◆ **Task**: Your task is to copy the lines of the data below from the line holding "Church Logo Christian" through the line holding "Комплект вязаный Nelson Розовый-серый-белый", inclusive, exactly and with nothing added.

◆ **Material shown**:

-- -- --

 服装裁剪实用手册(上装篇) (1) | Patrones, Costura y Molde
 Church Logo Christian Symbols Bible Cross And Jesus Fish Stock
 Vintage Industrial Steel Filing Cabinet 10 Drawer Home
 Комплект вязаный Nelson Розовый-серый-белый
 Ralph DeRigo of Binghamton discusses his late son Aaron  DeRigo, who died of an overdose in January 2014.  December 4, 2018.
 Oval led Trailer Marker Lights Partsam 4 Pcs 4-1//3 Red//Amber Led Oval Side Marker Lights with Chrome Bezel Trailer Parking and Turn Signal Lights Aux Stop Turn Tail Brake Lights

-- -- --

◆ **Exercise solution**:
 Church Logo Christian Symbols Bible Cross And Jesus Fish Stock
 Vintage Industrial Steel Filing Cabinet 10 Drawer Home
 Комплект вязаный Nelson Розовый-серый-белый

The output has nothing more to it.